■ **ASSIGNMENT**
All pictures are to be omitted while the lines starting at the line with "Chloé Woman Pants White Size 10 Linen" and ending at the line with "Sultan Bahu - Poems" in the material below are retyped exactly, both ends included.

■ **DATA SUPPLIED**

+ + +

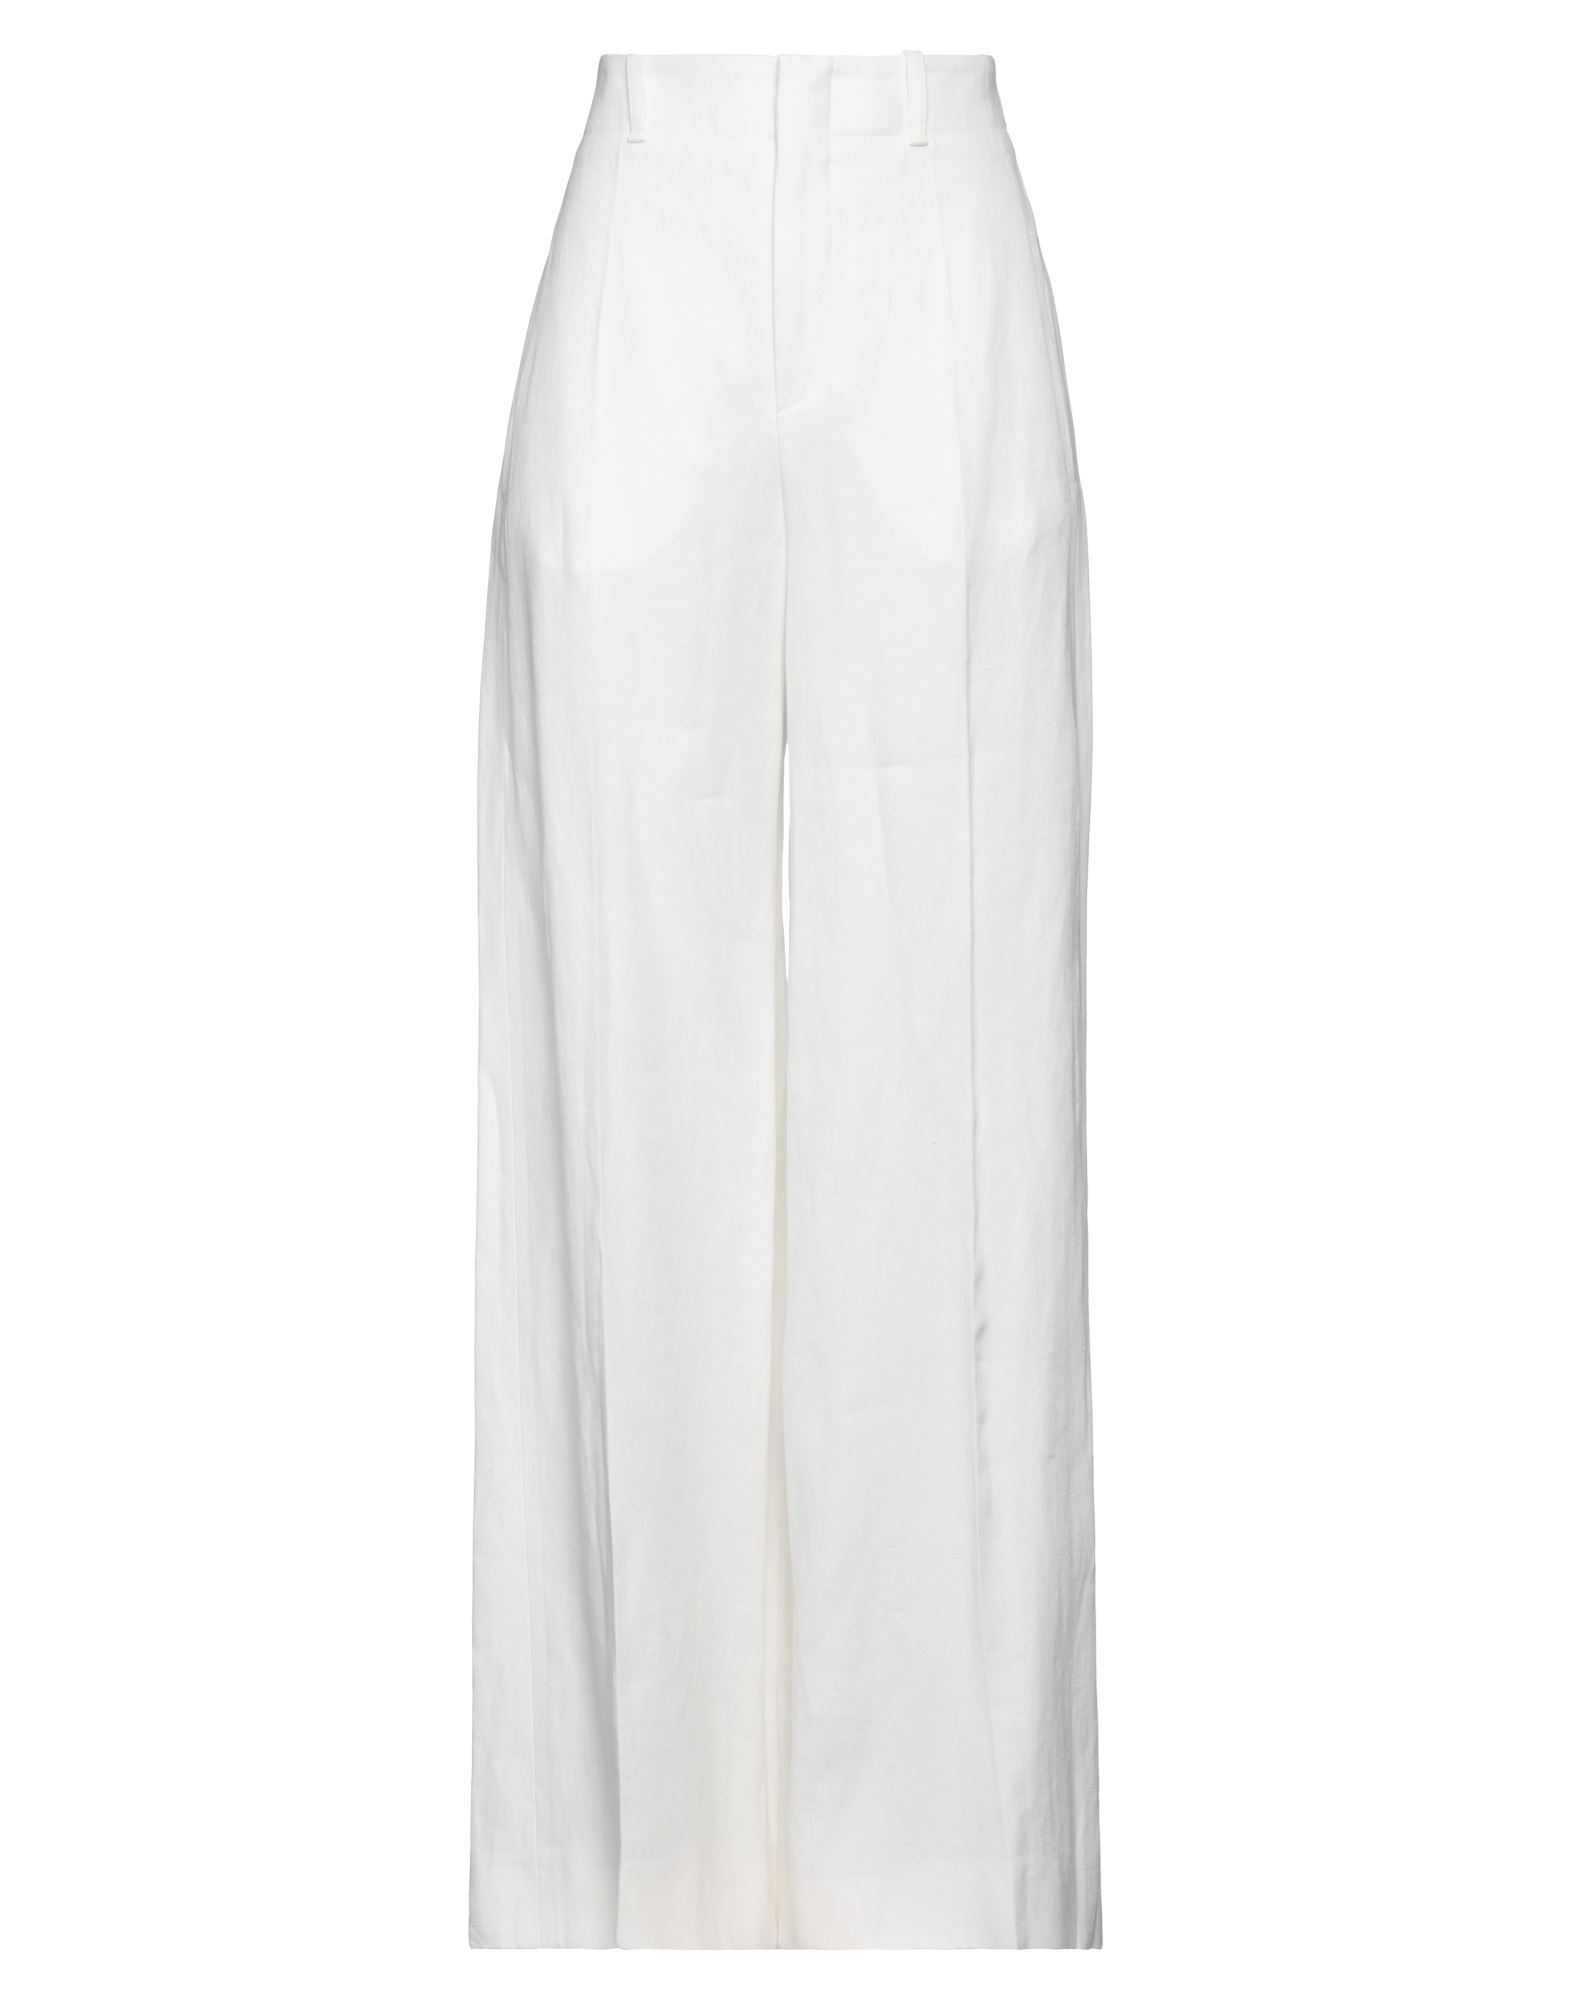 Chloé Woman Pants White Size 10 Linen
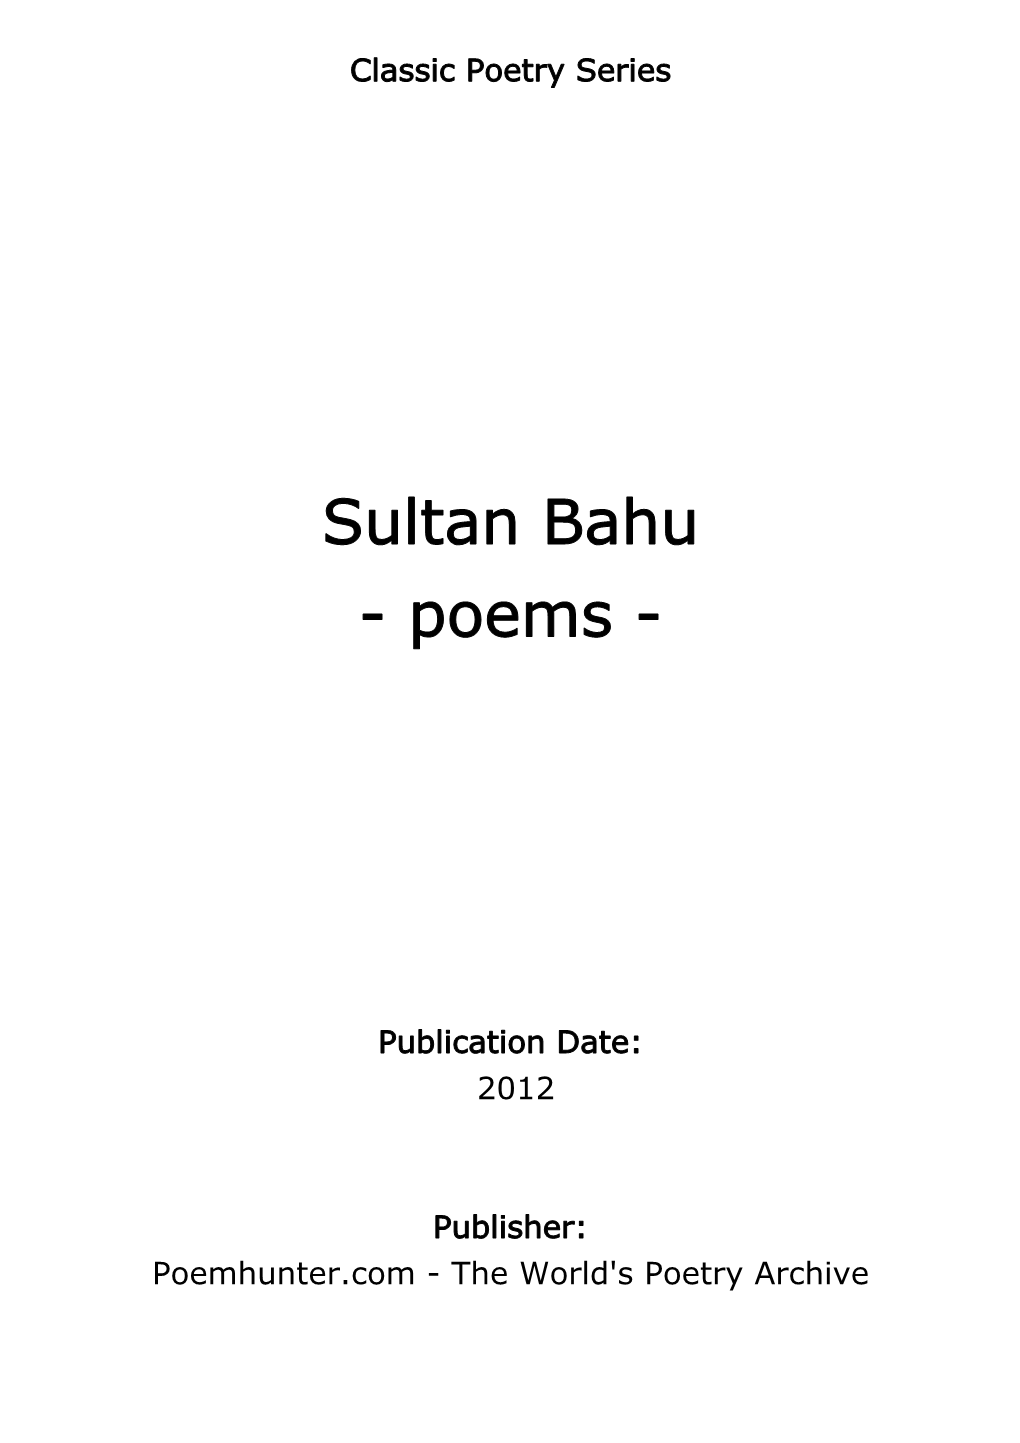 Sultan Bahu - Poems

+ + +

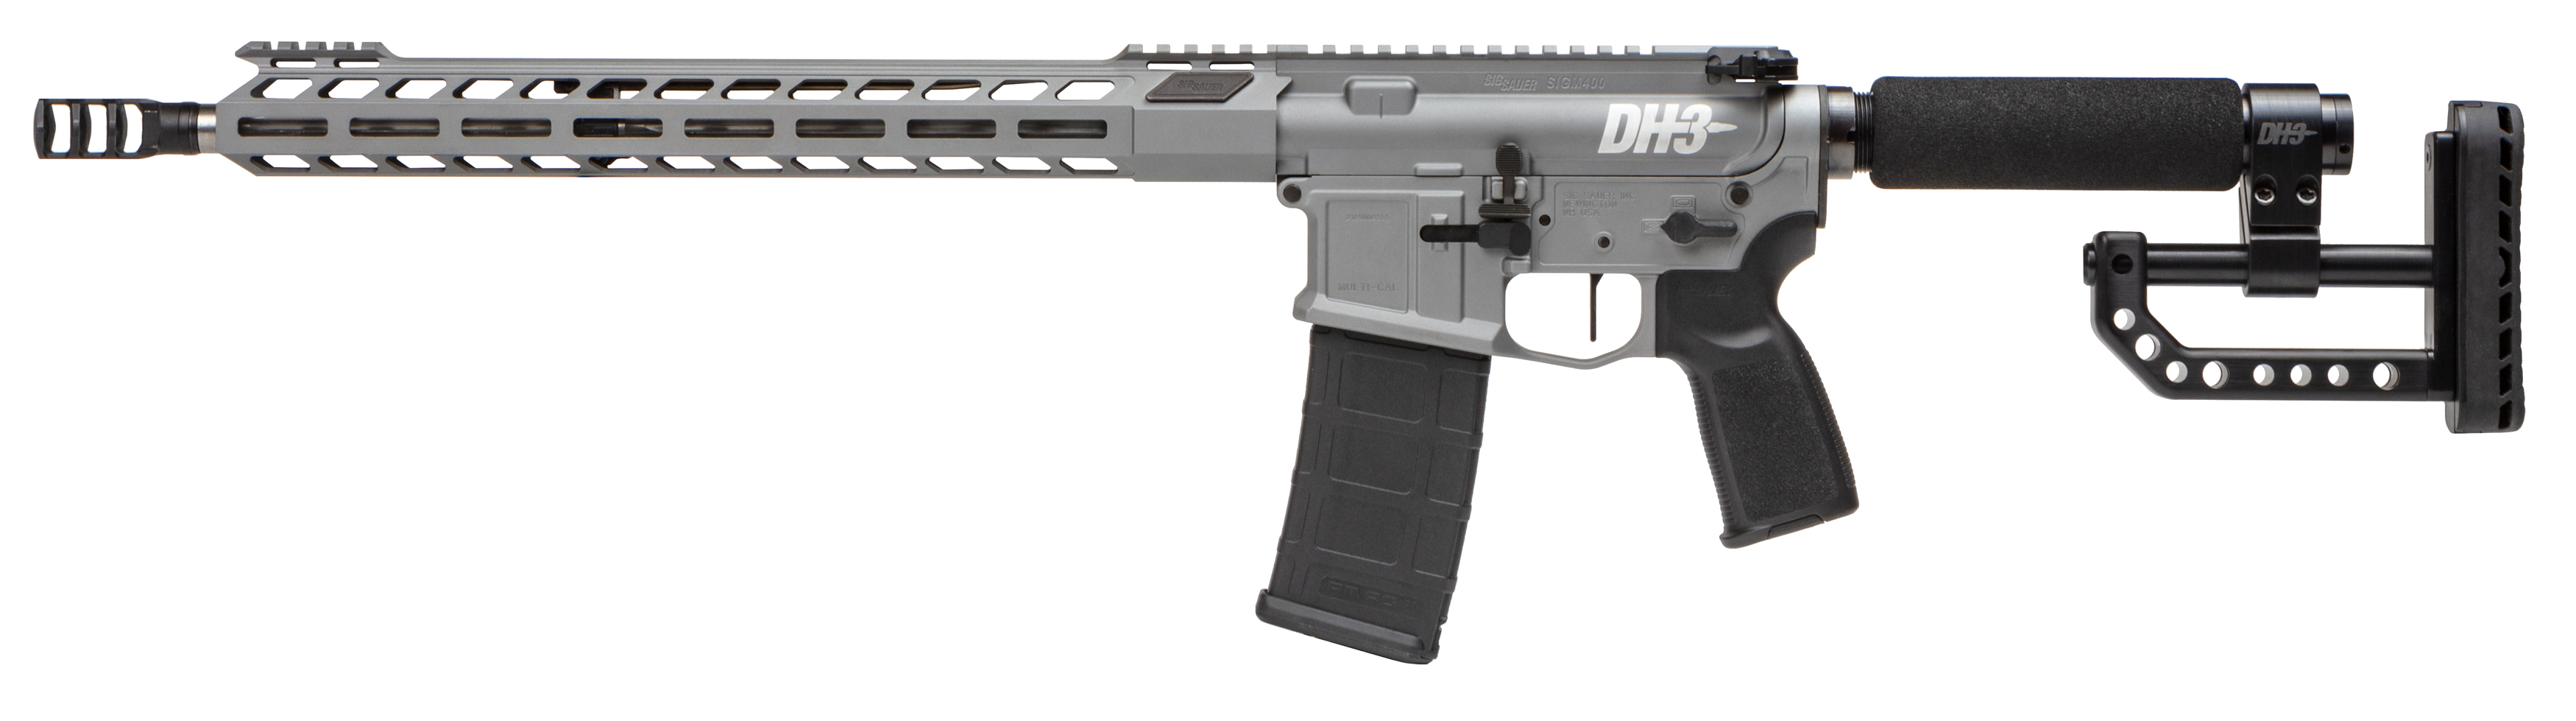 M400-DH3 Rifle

+ + +

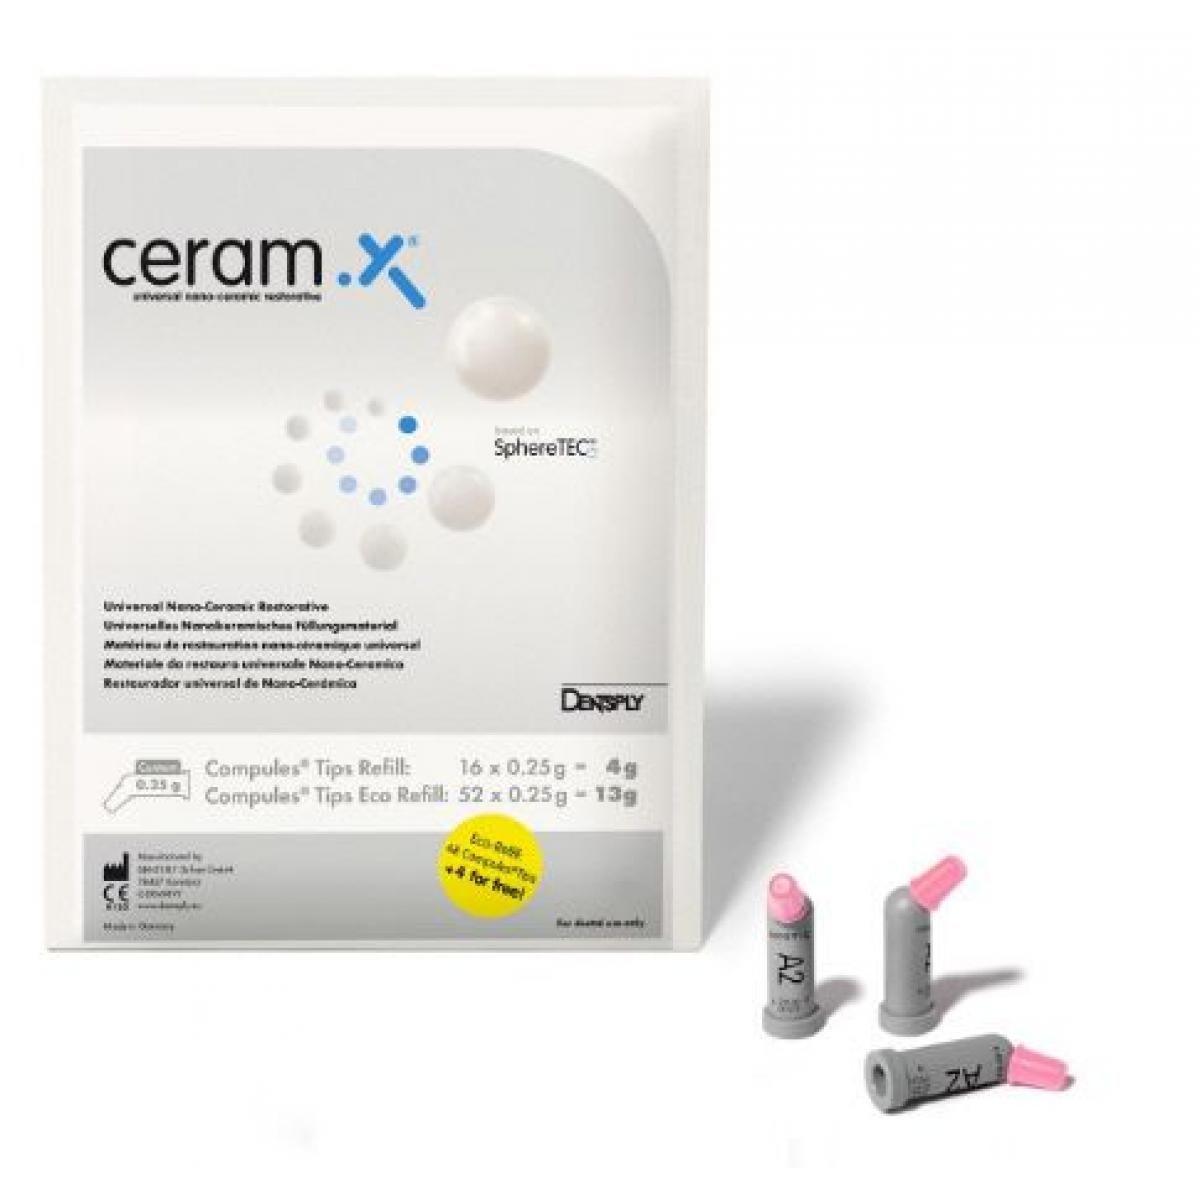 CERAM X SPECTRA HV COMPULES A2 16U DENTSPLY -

+ + +

■ **THE COMPLETED TASK**
 Chloé Woman Pants White Size 10 Linen
 Sultan Bahu - Poems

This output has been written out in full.